On Oct. 26, 2017, the former CEO of the opiate manufacturer Insys Therapeutics, Inc. Jonathan Kapoor, was arrested on fraud and racketeering charges, NPR reports. The arrest was made in connection with a kickback scheme in which company representatives paid healthcare providers to prescribe a potent painkiller meant only for cancer patients for “off-label” use. The painkiller, Subsys, is a spray form of the drug fentanyl, a short-acting opiate that is 50 to 100 times more powerful than morphine.
According to the Insys Therapeutics website, Subsys is specifically designed to treat breakthrough cancer pain in patients who are already taking a long-acting opiate. Breakthrough cancer pain occurs when a person with stable, persistent pain experiences a sudden increase in pain intensity. These episodes are usually brief, lasting anywhere from a minute to several hours. Nevertheless, they can be very debilitating and make overall pain management extremely challenging.
Unlike oral opiates, which take time to be absorbed from the gastrointestinal tract, Subsys is sprayed under the tongue. Because this area contains dozens of tiny blood vessels, the medicine is absorbed into the bloodstream very quickly. It provides a significant degree of pain relief within 15 minutes, with peak effect after one hour, according to Insys. This makes it an excellent medicine for people with breakthrough cancer pain.
However, it also means the drug is very dangerous and has an enormous potential for abuse.
According to prosecutors, Kapoor and other high-level executives at Insys Therapeutics engaged in a nationwide conspiracy to bribe healthcare practitioners to write large numbers of prescriptions for Subsys. Many of the doctors who wrote the prescriptions owned pain clinics. And most of the patients who received the prescriptions did not have cancer, the indictment claims.
Prosecutors have also charged Kapoor and other co-defendants with insurance fraud for deceiving insurance companies in an effort to get them to approve payment for the drug. The company did so by organizing a “reimbursement unit,” the purpose of which was solely to encourage insurance companies and benefits managers to approve the drug for off-label use.
Both the District Attorney’s office and federal law enforcement condemned the scheme, calling Insys executives “no better than street level drug dealers.” In a press release from the United States Attorney’s Office in the District of Massachusetts, which issued the indictment, Acting U.S. Attorney William D. Weinreb commented:
“In the midst of a nationwide opioid epidemic that has reached crisis proportions, Mr.
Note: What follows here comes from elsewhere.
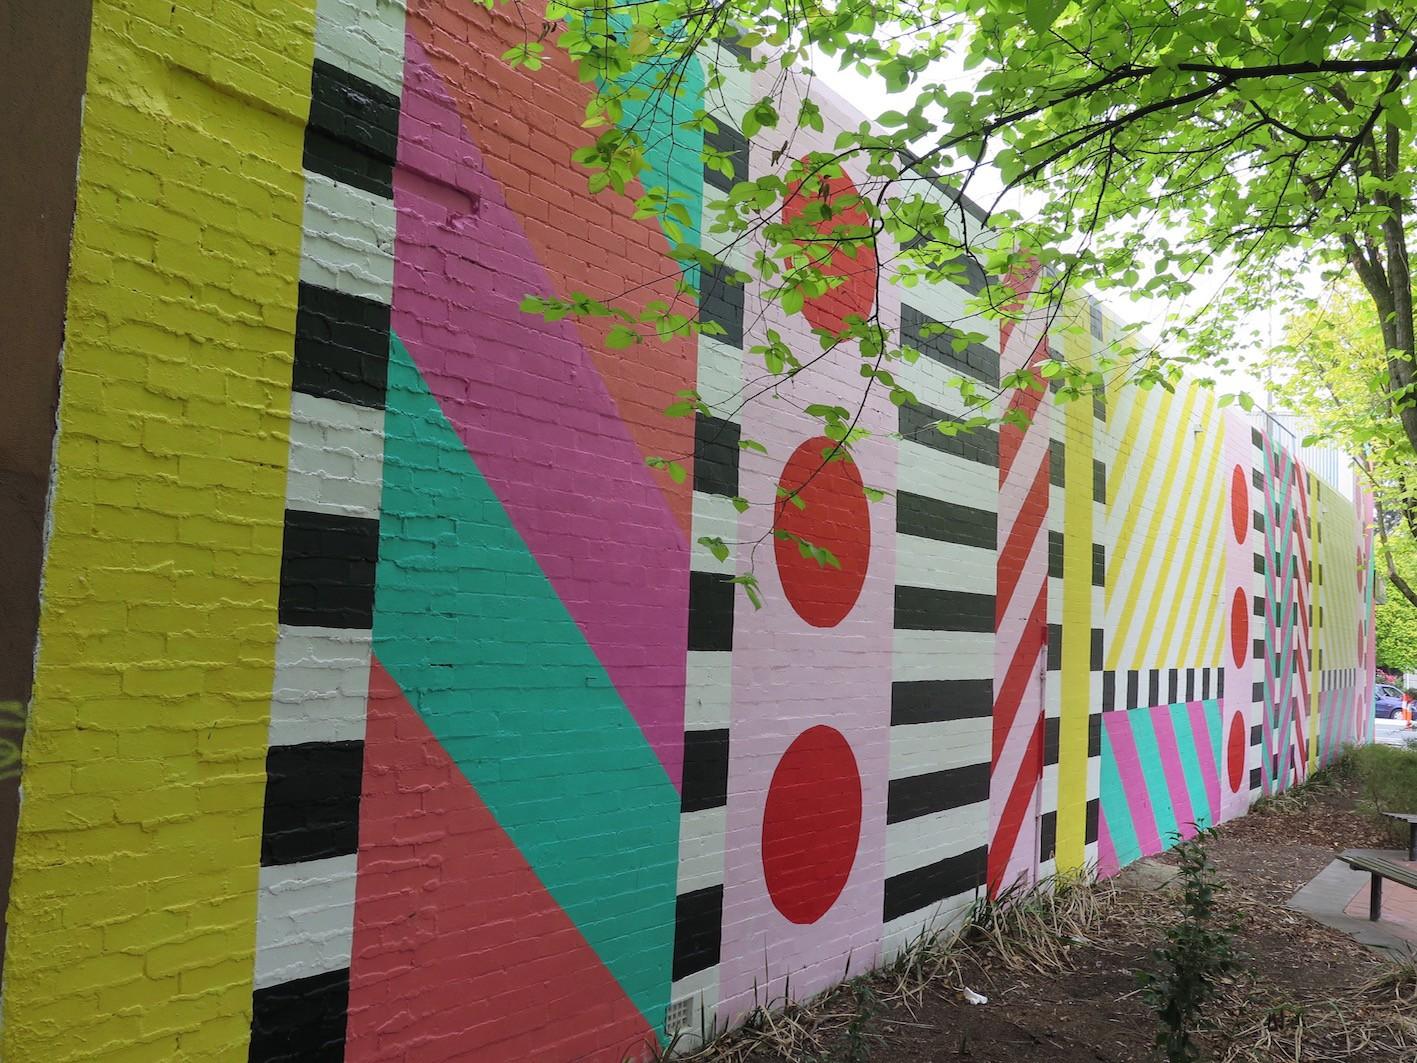 deansunshine_landofsunshine_melbourne_streetart_graffiti_eastland urban art project 4 camille walala 1

Kapoor and his company stand accused of bribing doctors to overprescribe a potent opioid and committing fraud on insurance companies solely for profit…..We must hold the industry and its leadership accountable – just as we would the cartels or a street-level drug dealer.”
No charges have yet been filed against the healthcare practitioners involved in the scheme. However, according to a 2016 Forbes report, law enforcement officials in Michigan, Florida, Kansas, New Hampshire, Rhode Island and New York are investigating doctors who worked with Insys.